→ **Dataset excerpt**
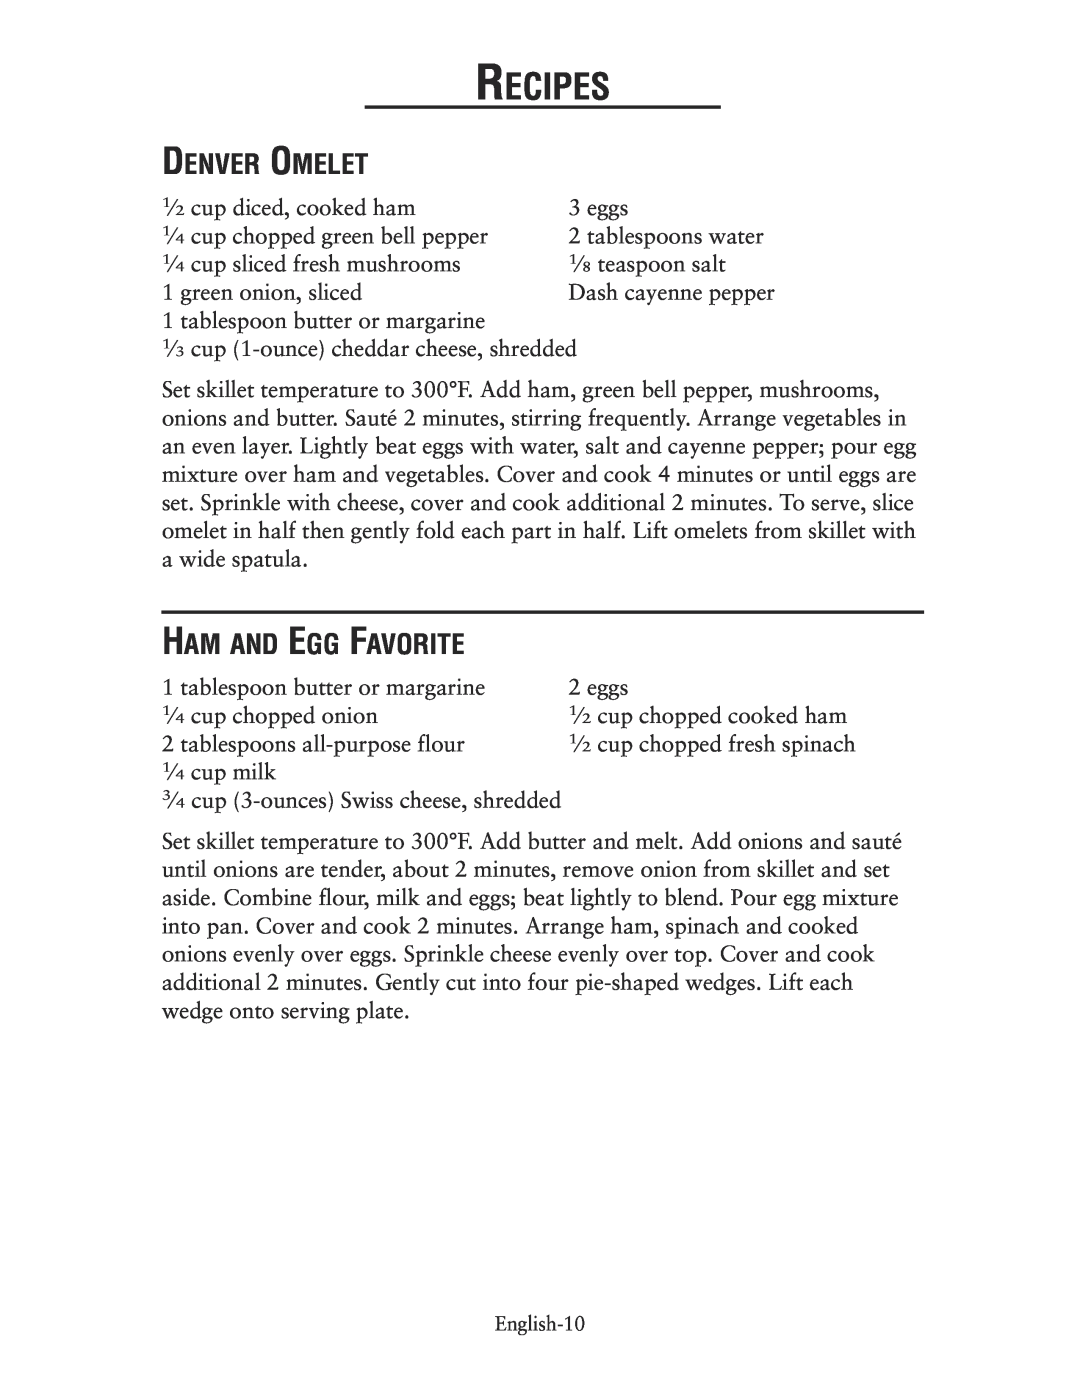 Oster CKSTSKRM20 user manual Denver Omelet, Ham And Egg Favorite, Recipes 
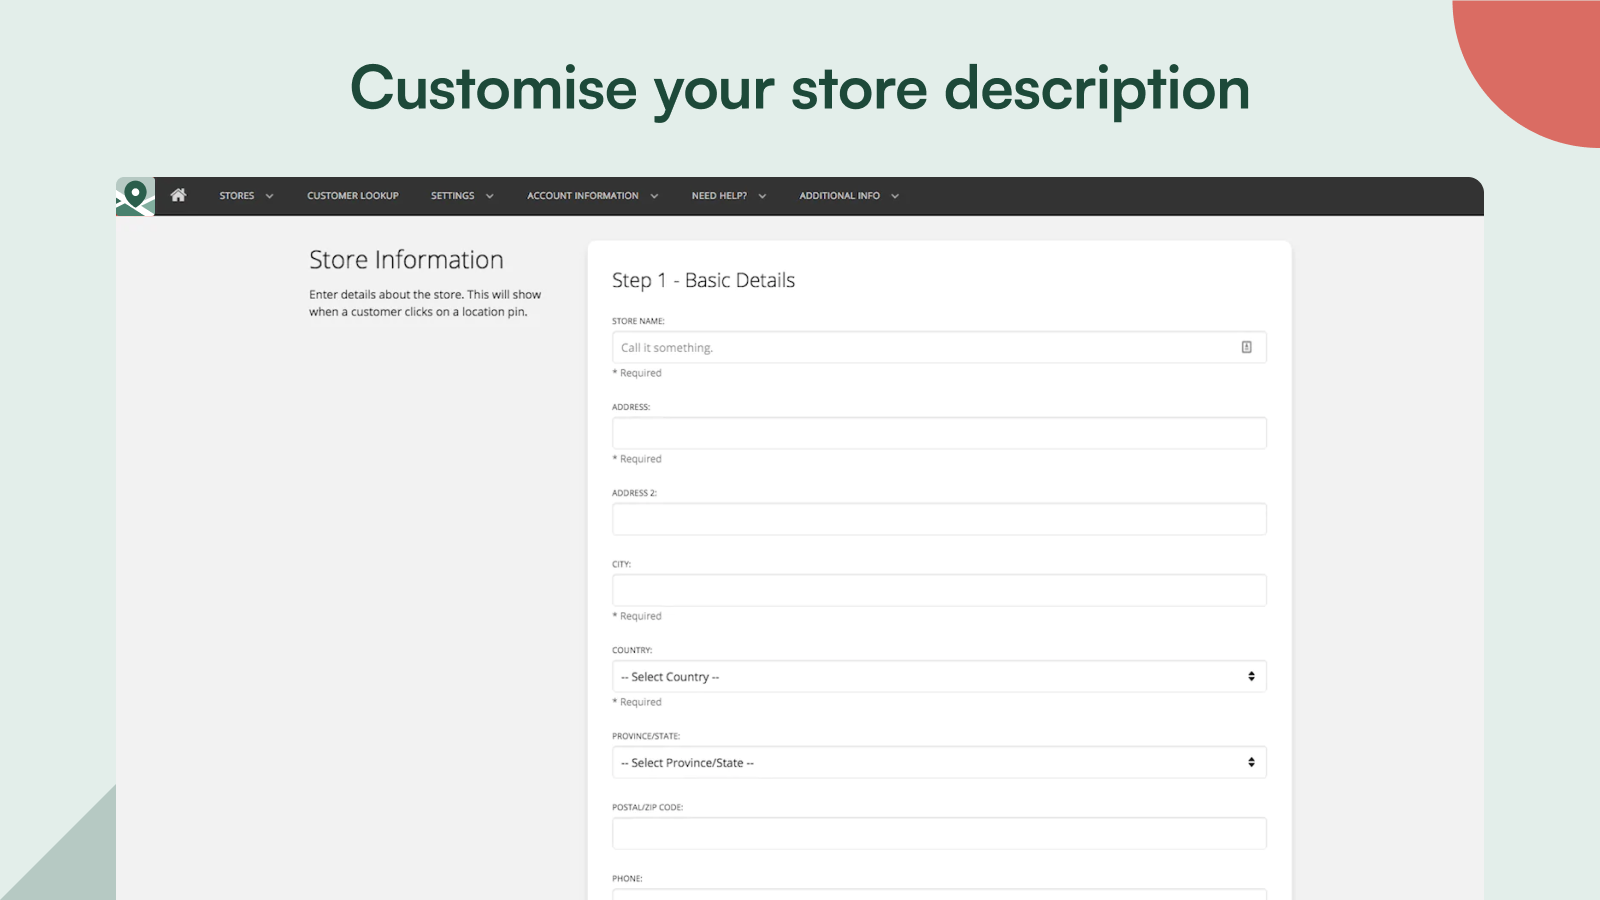 Customise your store description
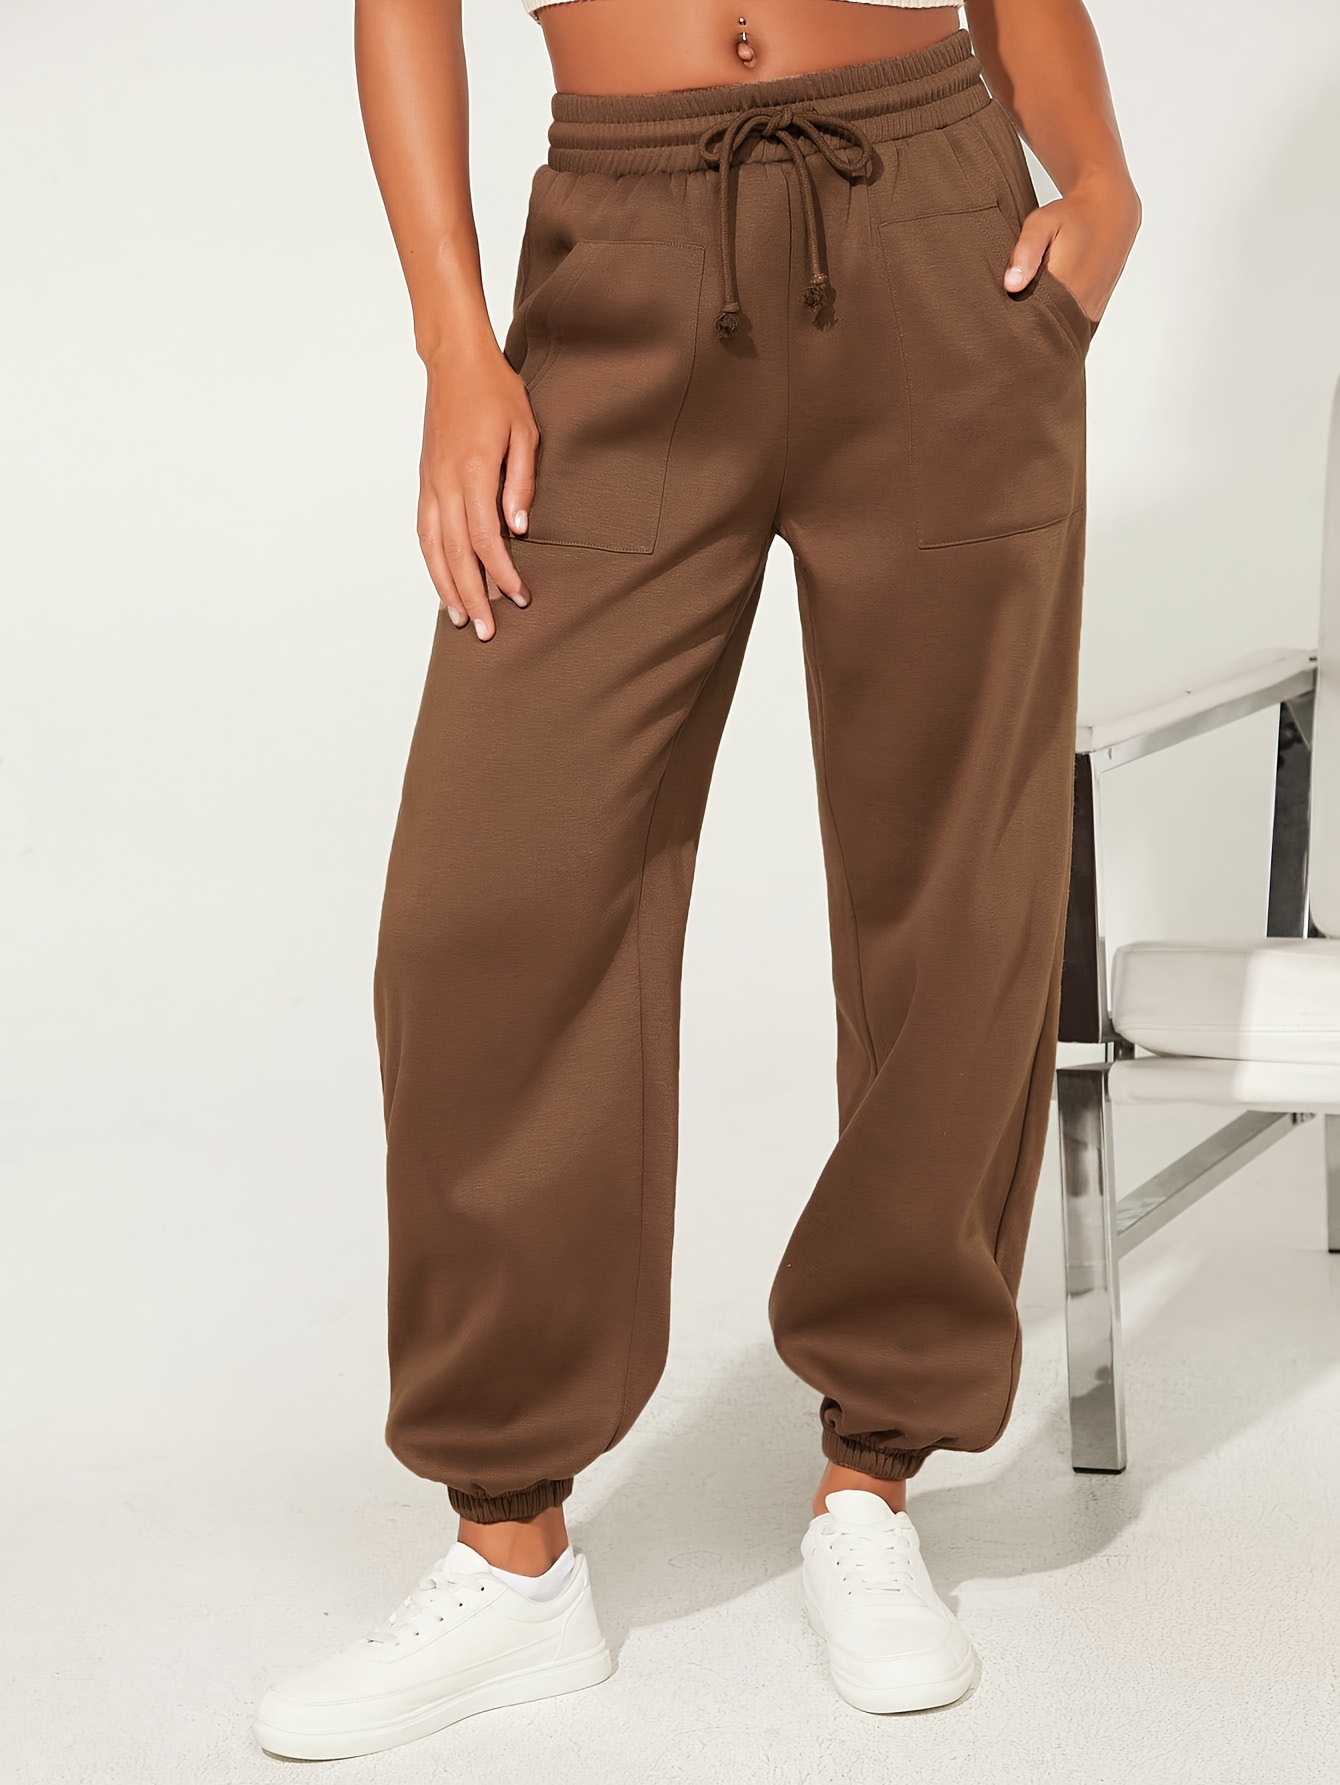 Solid Drawstring Pockets Pants Casual Capri Pants Spring - Temu
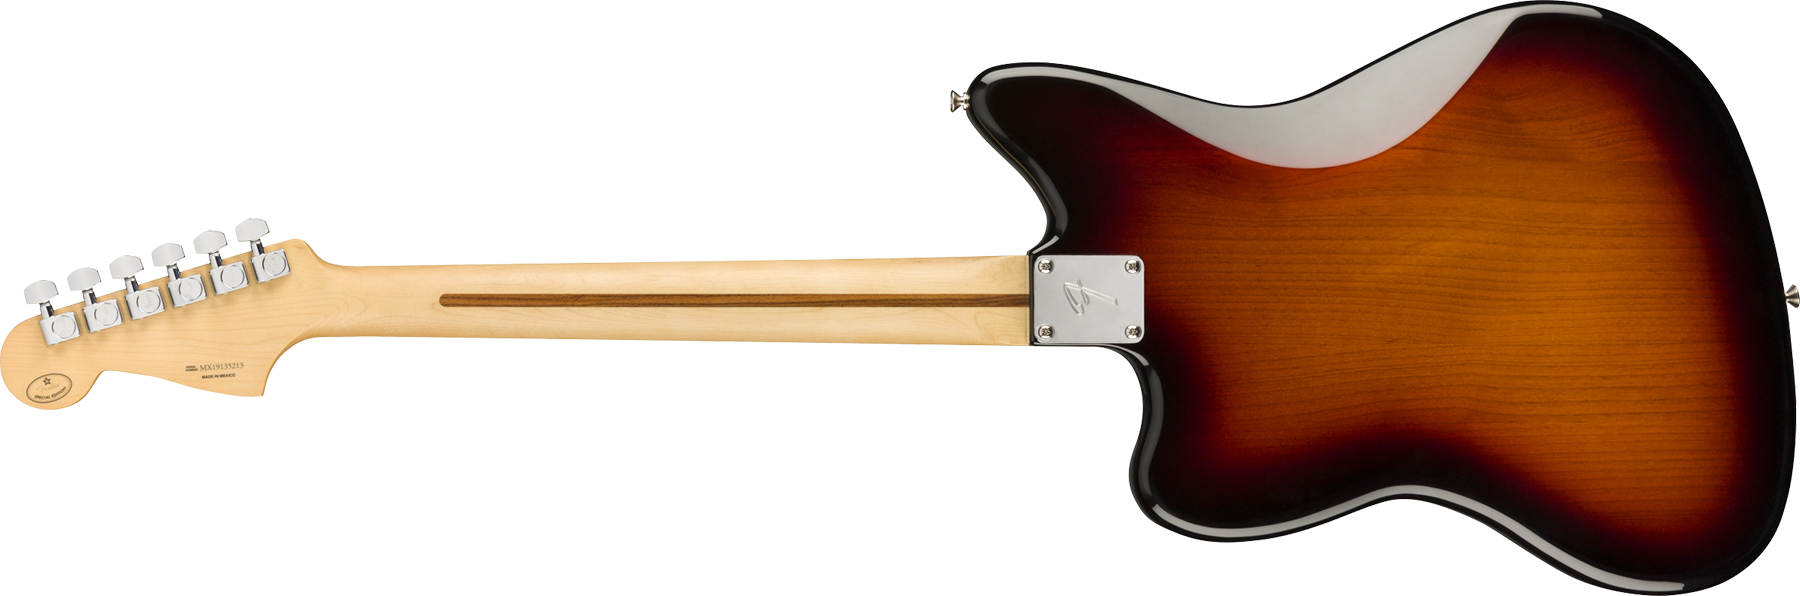 Fender Jazzmaster Player Ltd 2s Trem Pf - 3-color Sunburst - Guitarra electrica retro rock - Variation 1

→ **What to do**
Return the material exactly as given above, picture-free.

→ **Answer for the task**
 Oster CKSTSKRM20 user manual Denver Omelet, Ham And Egg Favorite, Recipes 
 Customise your store description
 Solid Drawstring Pockets Pants Casual Capri Pants Spring - Temu
 Fender Jazzmaster Player Ltd 2s Trem Pf - 3-color Sunburst - Guitarra electrica retro rock - Variation 1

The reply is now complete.